The School of Computer Science is pleased to present…
Mining for Product Recommendation on Document-Based NoSQL Big Data
PhD Dissertation Proposal by: Abdulrauf Aremu Gidado
Date: Friday November 24, 2023
Time: 10:00 AM – 12:00 PM
Location: Essex Hall, Room 105
To date, majority of large corporations such as Amazon and Facebook still have their core solutions (e.g., payments) on relational databases but only use non-relational Bigdata (i.e., NoSQL) database management systems for their non-core systems (e.g., shopping cart) that favor availability and scalability through partitioning while trading off consistency. NoSQL systems are built based on the CAP (Consistency, Availability and Partitioning) database theorem, which satisfies two of these features while trading off one. The need for systems availability and scalability drives the use of NoSQL models, while the lack of consistency and robust query engines as obtainable in relational databases impede their usage. To mitigate these drawbacks, researchers and companies like Amazon, Google and Facebook developed 'SQL over NoSQL' systems such as Amazon’s Dynamo, Google's Spanner, Facebook’s Memcache, Zidian2019, Apache Hive and SparkSQL. These systems create a query engine layer over NoSQL systems but suffer from data redundancy due to lack of normalized database relations and lack consistency obtainable in relational databases. Also, their query engine is not relational complete because they cannot process all relational algebra-based queries as obtainable in a relational database. This thesis presents a ‘NoSQL over SQL system’, an inverse of existing approaches such as Zidian2019 that transforms data into a key-value format then builds an SQL query engine layer on the NoSQL data. This approach is motivated by (i) the need for existing systems to fully deploy NoSQL data store functionalities without the limitation of building an extra SQL layer for querying, and (ii) the ability to integrate images similarities into the ecommerce mining process by taking advantage of the ease of retrieval and storage of storing images as text on document-oriented NoSQL databases. To allow appropriate storage and retrieval of data on document-based NoSQL databases without data redundancy and inconsistency while encouraging both horizontal and vertical partitioning, this work proposes NoSQL over SQL Block as a Value (BaaV) data storage strategy...
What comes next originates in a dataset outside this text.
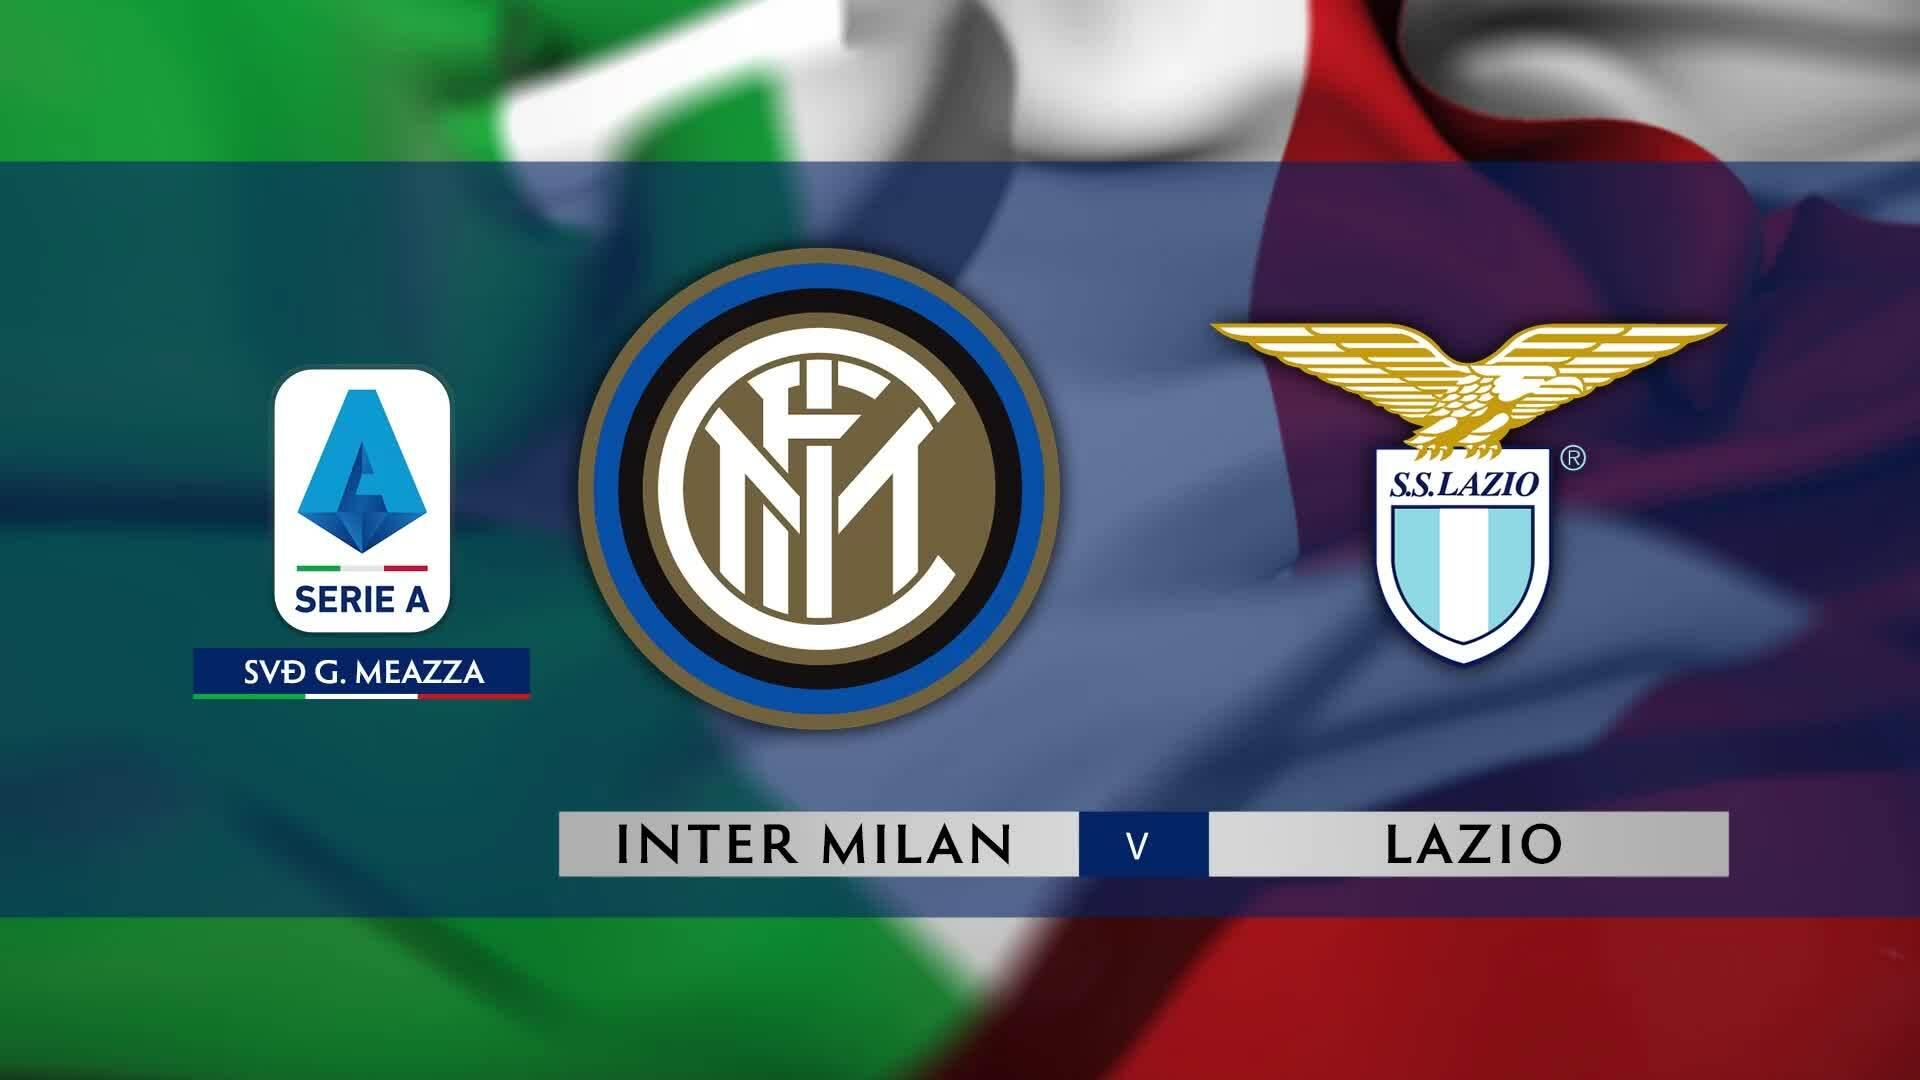 Inter Milan 1-0 Lazio

Additionally, we vectorized items image and integrate item-item image similarity scores into e-commerce customer historical purchase database to enhance sequential pattern recommendation on e-commerce with a proposed Image Enhanced Historical Sequential Pattern Recommendation (iHSPRec) system. To enhance accurate pattern mining on NoSQL databases for adequate recommendation and allow existing corporations with a large relational database to take advantage of NoSQL databases, this thesis (i) proposes a Block as a Value (BaaV) framework for extracting data and mapping from relational schema into NoSQL to enable faster data retrieval for existing large relational databases, (ii) Integrate item-item image similarity scores into customers purchase history for enhance sequential pattern recommendation by using items images stored on document-based NoSQL database (iii) propose a sequential pattern mining technique on NoSQL BaaV document-oriented database. Using existing benchmark systems of ‘SQL over NoSQL’, relational databases and real-life datasets for our experiments, we demonstrated that our NoSQL over SQL system outperforms existing relational databases, SQL over NoSQL systems and is novel in ensuring data consistency, scalability, query execution and improving data storage and retrieval in large database systems without data loss and enhancing improved performance on NoSQL database.
Keywords: Bigdata, Document-Oriented NoSQL Databases, Recommendation Systems, Sequential Pattern Mining, Block as a Value, E-Commerce.
Internal Reader: Dr. Aliuone Ngom
Internal Reader: Dr. Curtis Bright
External Reader: Dr. Christian Trudeau
Advisor: Dr. Christie Ezeife